WORK TO BE COMPLETED >> All the entries below should be reproduced exactly.

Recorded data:
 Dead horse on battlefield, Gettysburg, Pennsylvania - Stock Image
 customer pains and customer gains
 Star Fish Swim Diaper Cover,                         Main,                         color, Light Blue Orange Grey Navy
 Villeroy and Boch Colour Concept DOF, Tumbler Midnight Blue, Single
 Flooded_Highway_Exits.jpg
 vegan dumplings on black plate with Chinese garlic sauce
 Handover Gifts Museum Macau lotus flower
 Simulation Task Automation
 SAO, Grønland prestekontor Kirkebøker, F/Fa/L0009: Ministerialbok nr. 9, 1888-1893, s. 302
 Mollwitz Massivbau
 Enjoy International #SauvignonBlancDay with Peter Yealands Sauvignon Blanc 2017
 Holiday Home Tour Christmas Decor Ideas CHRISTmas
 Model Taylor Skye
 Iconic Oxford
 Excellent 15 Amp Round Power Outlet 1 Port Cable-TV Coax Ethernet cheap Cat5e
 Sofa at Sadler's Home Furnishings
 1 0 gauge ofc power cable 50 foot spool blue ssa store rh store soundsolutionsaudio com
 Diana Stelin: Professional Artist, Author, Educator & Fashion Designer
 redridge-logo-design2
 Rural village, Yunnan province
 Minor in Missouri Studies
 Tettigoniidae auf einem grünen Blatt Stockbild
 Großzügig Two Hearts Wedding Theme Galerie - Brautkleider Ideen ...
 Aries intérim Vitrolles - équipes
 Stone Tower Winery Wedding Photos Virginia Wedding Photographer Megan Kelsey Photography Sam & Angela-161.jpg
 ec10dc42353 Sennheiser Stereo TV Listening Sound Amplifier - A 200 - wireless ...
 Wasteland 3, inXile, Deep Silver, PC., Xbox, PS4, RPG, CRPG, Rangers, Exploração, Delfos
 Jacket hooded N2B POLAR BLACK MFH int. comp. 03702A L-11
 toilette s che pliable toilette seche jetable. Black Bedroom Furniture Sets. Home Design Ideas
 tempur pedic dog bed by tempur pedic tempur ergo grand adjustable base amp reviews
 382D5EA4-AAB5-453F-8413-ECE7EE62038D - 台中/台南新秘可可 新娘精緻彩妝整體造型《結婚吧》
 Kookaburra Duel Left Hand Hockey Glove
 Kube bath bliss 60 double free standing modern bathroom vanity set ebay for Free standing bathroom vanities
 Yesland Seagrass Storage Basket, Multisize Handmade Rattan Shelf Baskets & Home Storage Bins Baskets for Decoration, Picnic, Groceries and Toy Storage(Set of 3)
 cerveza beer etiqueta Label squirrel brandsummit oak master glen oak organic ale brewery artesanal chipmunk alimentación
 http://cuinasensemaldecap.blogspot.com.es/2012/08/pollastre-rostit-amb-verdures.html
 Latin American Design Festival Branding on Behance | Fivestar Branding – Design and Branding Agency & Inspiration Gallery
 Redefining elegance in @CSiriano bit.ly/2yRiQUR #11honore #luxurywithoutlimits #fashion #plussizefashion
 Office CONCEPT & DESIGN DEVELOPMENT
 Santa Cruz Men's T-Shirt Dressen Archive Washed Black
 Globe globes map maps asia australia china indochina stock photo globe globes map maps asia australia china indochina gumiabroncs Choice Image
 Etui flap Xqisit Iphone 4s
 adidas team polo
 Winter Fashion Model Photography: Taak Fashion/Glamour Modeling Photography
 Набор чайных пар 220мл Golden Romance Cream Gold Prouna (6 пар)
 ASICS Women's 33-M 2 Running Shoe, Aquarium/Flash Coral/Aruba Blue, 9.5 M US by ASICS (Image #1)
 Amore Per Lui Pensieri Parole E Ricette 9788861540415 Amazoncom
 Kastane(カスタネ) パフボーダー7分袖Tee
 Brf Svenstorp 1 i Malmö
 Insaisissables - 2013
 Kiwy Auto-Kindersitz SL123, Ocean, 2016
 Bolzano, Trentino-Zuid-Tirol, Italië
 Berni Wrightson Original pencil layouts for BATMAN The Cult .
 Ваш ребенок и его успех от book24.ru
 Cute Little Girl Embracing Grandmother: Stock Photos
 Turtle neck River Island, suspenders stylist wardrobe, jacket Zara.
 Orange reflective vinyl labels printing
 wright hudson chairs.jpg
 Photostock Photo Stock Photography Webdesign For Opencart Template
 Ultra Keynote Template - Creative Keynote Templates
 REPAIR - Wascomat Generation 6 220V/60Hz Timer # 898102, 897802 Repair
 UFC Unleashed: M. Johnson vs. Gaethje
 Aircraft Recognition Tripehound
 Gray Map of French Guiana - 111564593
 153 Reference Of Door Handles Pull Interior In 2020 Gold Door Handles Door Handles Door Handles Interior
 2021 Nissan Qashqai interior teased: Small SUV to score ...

RESULT >>
 Dead horse on battlefield, Gettysburg, Pennsylvania - Stock Image
 customer pains and customer gains
 Star Fish Swim Diaper Cover,                         Main,                         color, Light Blue Orange Grey Navy
 Villeroy and Boch Colour Concept DOF, Tumbler Midnight Blue, Single
 Flooded_Highway_Exits.jpg
 vegan dumplings on black plate with Chinese garlic sauce
 Handover Gifts Museum Macau lotus flower
 Simulation Task Automation
 SAO, Grønland prestekontor Kirkebøker, F/Fa/L0009: Ministerialbok nr. 9, 1888-1893, s. 302
 Mollwitz Massivbau
 Enjoy International #SauvignonBlancDay with Peter Yealands Sauvignon Blanc 2017
 Holiday Home Tour Christmas Decor Ideas CHRISTmas
 Model Taylor Skye
 Iconic Oxford
 Excellent 15 Amp Round Power Outlet 1 Port Cable-TV Coax Ethernet cheap Cat5e
 Sofa at Sadler's Home Furnishings
 1 0 gauge ofc power cable 50 foot spool blue ssa store rh store soundsolutionsaudio com
 Diana Stelin: Professional Artist, Author, Educator & Fashion Designer
 redridge-logo-design2
 Rural village, Yunnan province
 Minor in Missouri Studies
 Tettigoniidae auf einem grünen Blatt Stockbild
 Großzügig Two Hearts Wedding Theme Galerie - Brautkleider Ideen ...
 Aries intérim Vitrolles - équipes
 Stone Tower Winery Wedding Photos Virginia Wedding Photographer Megan Kelsey Photography Sam & Angela-161.jpg
 ec10dc42353 Sennheiser Stereo TV Listening Sound Amplifier - A 200 - wireless ...
 Wasteland 3, inXile, Deep Silver, PC., Xbox, PS4, RPG, CRPG, Rangers, Exploração, Delfos
 Jacket hooded N2B POLAR BLACK MFH int. comp. 03702A L-11
 toilette s che pliable toilette seche jetable. Black Bedroom Furniture Sets. Home Design Ideas
 tempur pedic dog bed by tempur pedic tempur ergo grand adjustable base amp reviews
 382D5EA4-AAB5-453F-8413-ECE7EE62038D - 台中/台南新秘可可 新娘精緻彩妝整體造型《結婚吧》
 Kookaburra Duel Left Hand Hockey Glove
 Kube bath bliss 60 double free standing modern bathroom vanity set ebay for Free standing bathroom vanities
 Yesland Seagrass Storage Basket, Multisize Handmade Rattan Shelf Baskets & Home Storage Bins Baskets for Decoration, Picnic, Groceries and Toy Storage(Set of 3)
 cerveza beer etiqueta Label squirrel brandsummit oak master glen oak organic ale brewery artesanal chipmunk alimentación
 http://cuinasensemaldecap.blogspot.com.es/2012/08/pollastre-rostit-amb-verdures.html
 Latin American Design Festival Branding on Behance | Fivestar Branding – Design and Branding Agency & Inspiration Gallery
 Redefining elegance in @CSiriano bit.ly/2yRiQUR #11honore #luxurywithoutlimits #fashion #plussizefashion
 Office CONCEPT & DESIGN DEVELOPMENT
 Santa Cruz Men's T-Shirt Dressen Archive Washed Black
 Globe globes map maps asia australia china indochina stock photo globe globes map maps asia australia china indochina gumiabroncs Choice Image
 Etui flap Xqisit Iphone 4s
 adidas team polo
 Winter Fashion Model Photography: Taak Fashion/Glamour Modeling Photography
 Набор чайных пар 220мл Golden Romance Cream Gold Prouna (6 пар)
 ASICS Women's 33-M 2 Running Shoe, Aquarium/Flash Coral/Aruba Blue, 9.5 M US by ASICS (Image #1)
 Amore Per Lui Pensieri Parole E Ricette 9788861540415 Amazoncom
 Kastane(カスタネ) パフボーダー7分袖Tee
 Brf Svenstorp 1 i Malmö
 Insaisissables - 2013
 Kiwy Auto-Kindersitz SL123, Ocean, 2016
 Bolzano, Trentino-Zuid-Tirol, Italië
 Berni Wrightson Original pencil layouts for BATMAN The Cult .
 Ваш ребенок и его успех от book24.ru
 Cute Little Girl Embracing Grandmother: Stock Photos
 Turtle neck River Island, suspenders stylist wardrobe, jacket Zara.
 Orange reflective vinyl labels printing
 wright hudson chairs.jpg
 Photostock Photo Stock Photography Webdesign For Opencart Template
 Ultra Keynote Template - Creative Keynote Templates
 REPAIR - Wascomat Generation 6 220V/60Hz Timer # 898102, 897802 Repair
 UFC Unleashed: M. Johnson vs. Gaethje
 Aircraft Recognition Tripehound
 Gray Map of French Guiana - 111564593
 153 Reference Of Door Handles Pull Interior In 2020 Gold Door Handles Door Handles Door Handles Interior
 2021 Nissan Qashqai interior teased: Small SUV to score ...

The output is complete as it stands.